NRG1 gene fusions, though rare, represent an actionable oncogenic driver in a subset of non‑small cell lung cancer (NSCLC) patients who have limited targeted options. Zenocutuzumab, a bispecific antibody that simultaneously blocks HER3 and the NRG1 ligand, was granted accelerated approval based on early‑phase activity. The eNRGy study, now enriched with post‑hoc analyses, offers a deeper look at how the drug performs once conventional radiographic progression is observed, a scenario where most targeted agents lose efficacy and clinicians must switch to chemotherapy or immunotherapy.

The post‑hoc cohort revealed that 81% of patients experienced oligoprogression—a pattern where disease advances at a few isolated sites—allowing continued systemic control with zenocutuzumab. Median exposure rose to roughly ten months, a notable increase over the pre‑progression median of seven months, and a subset of patients remained on therapy for years. This durability mirrors emerging evidence from other targeted therapies, such as EGFR and ALK inhibitors, where local ablative treatments combined with continued drug exposure can prolong benefit. The findings underscore the importance of integrating local lesion management with systemic therapy to maximize patient outcomes in molecularly defined lung cancer.

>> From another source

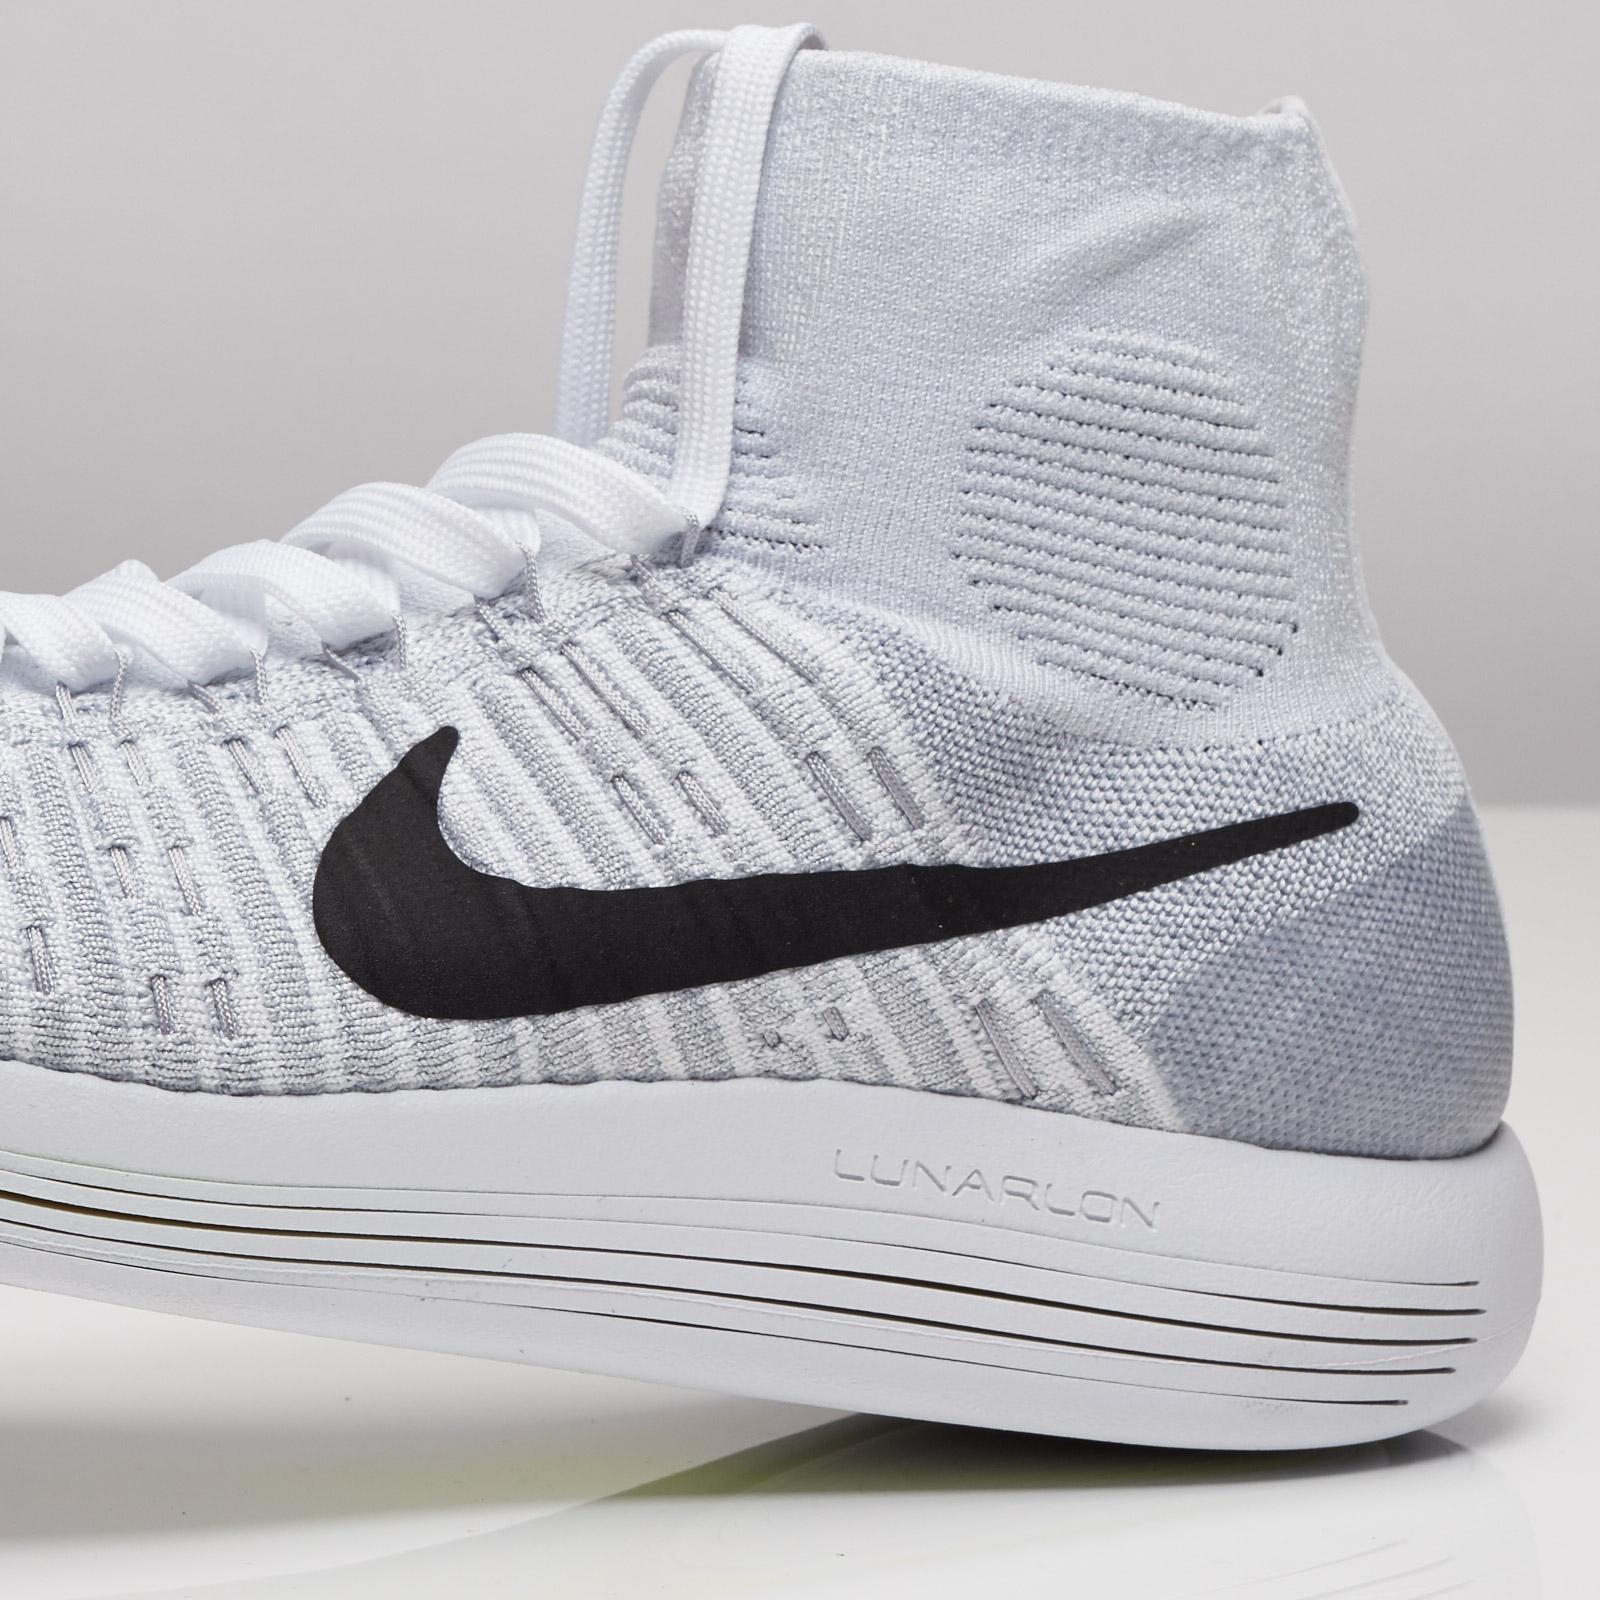 e4c3ed755aba Nike Lunarepic Flyknit - 818676-102 - Sneakersnstuff

From a commercial perspective, these results could strengthen Partner Therapeutics’ positioning of Bizengri in a niche yet growing market. Demonstrating efficacy beyond progression may support broader label claims, facilitate reimbursement discussions, and attract partnership interest for combination strategies. Moreover, the data provide a compelling narrative for investors, highlighting the company’s ability to generate meaningful clinical insights from relatively small patient cohorts, a critical factor as the oncology landscape increasingly values precision and durability of response.